> _DATA FOR ANALYSIS_:
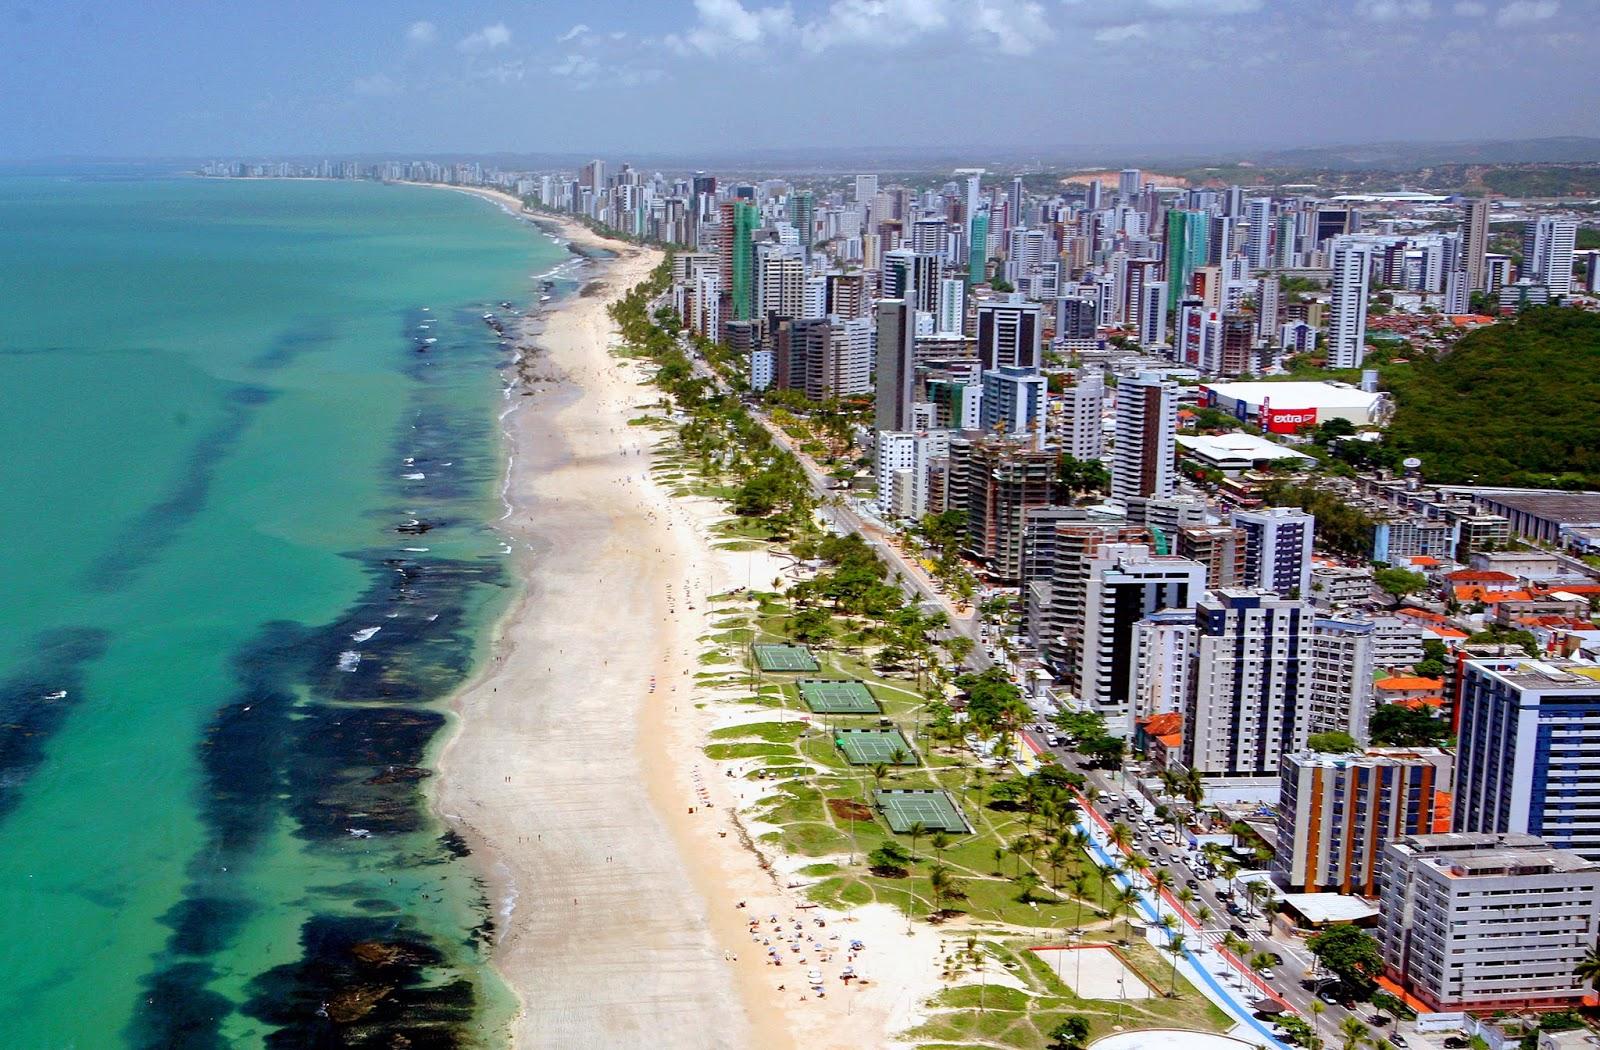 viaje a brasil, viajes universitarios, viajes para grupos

==

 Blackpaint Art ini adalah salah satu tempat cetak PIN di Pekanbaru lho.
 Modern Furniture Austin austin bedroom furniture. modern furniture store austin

* * *

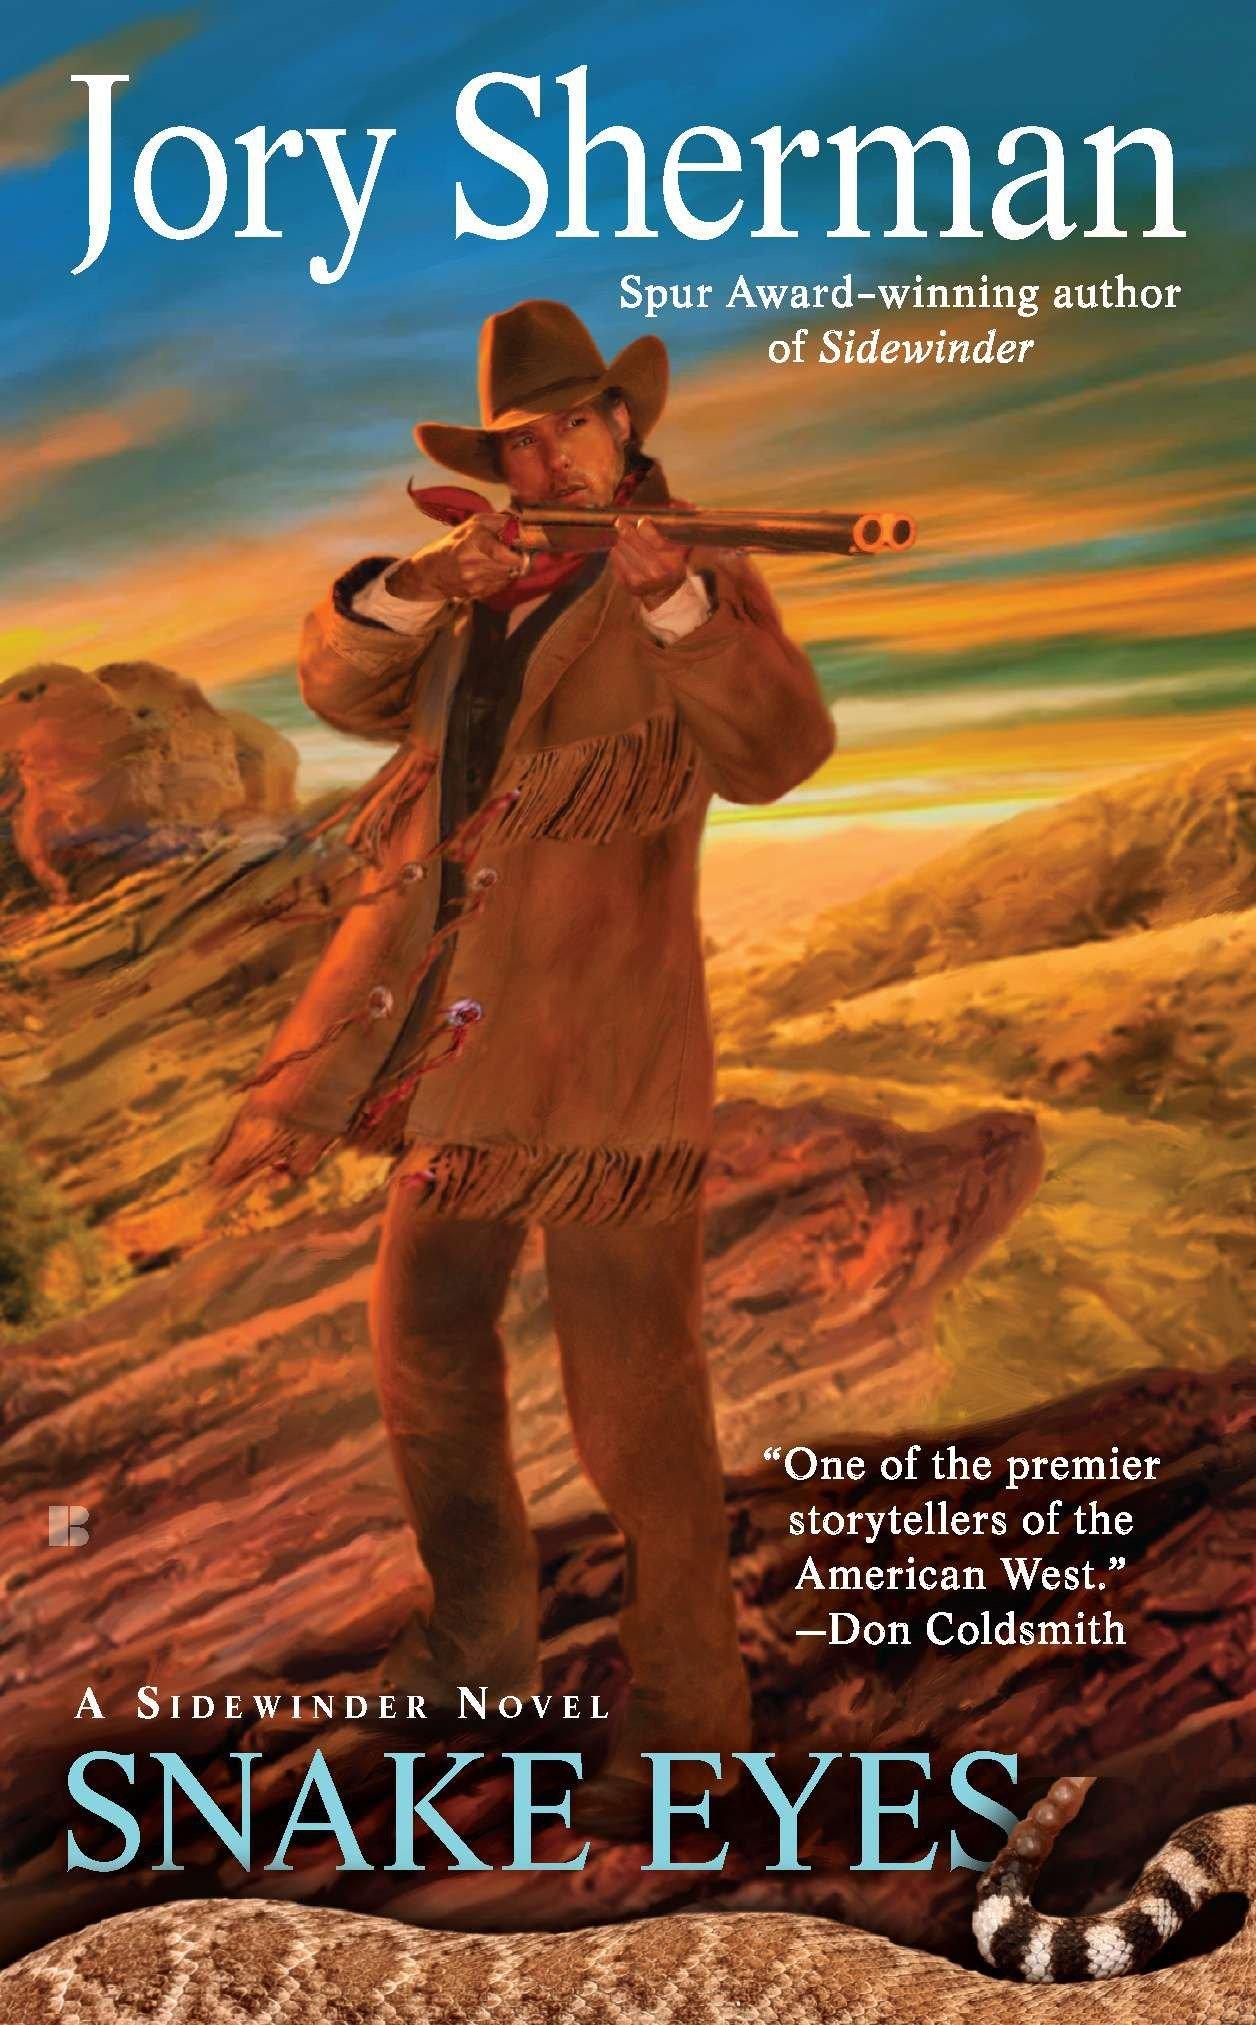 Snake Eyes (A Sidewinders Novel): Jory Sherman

> _EXERCISE DESCRIPTION_: Among the lines above, repeat exactly those from the line with "Blackpaint Art ini" to the line with "Modern Furniture Austin", counting both ends.

> _REPLY TO THE EXERCISE_:
 Blackpaint Art ini adalah salah satu tempat cetak PIN di Pekanbaru lho.
 Modern Furniture Austin austin bedroom furniture. modern furniture store austin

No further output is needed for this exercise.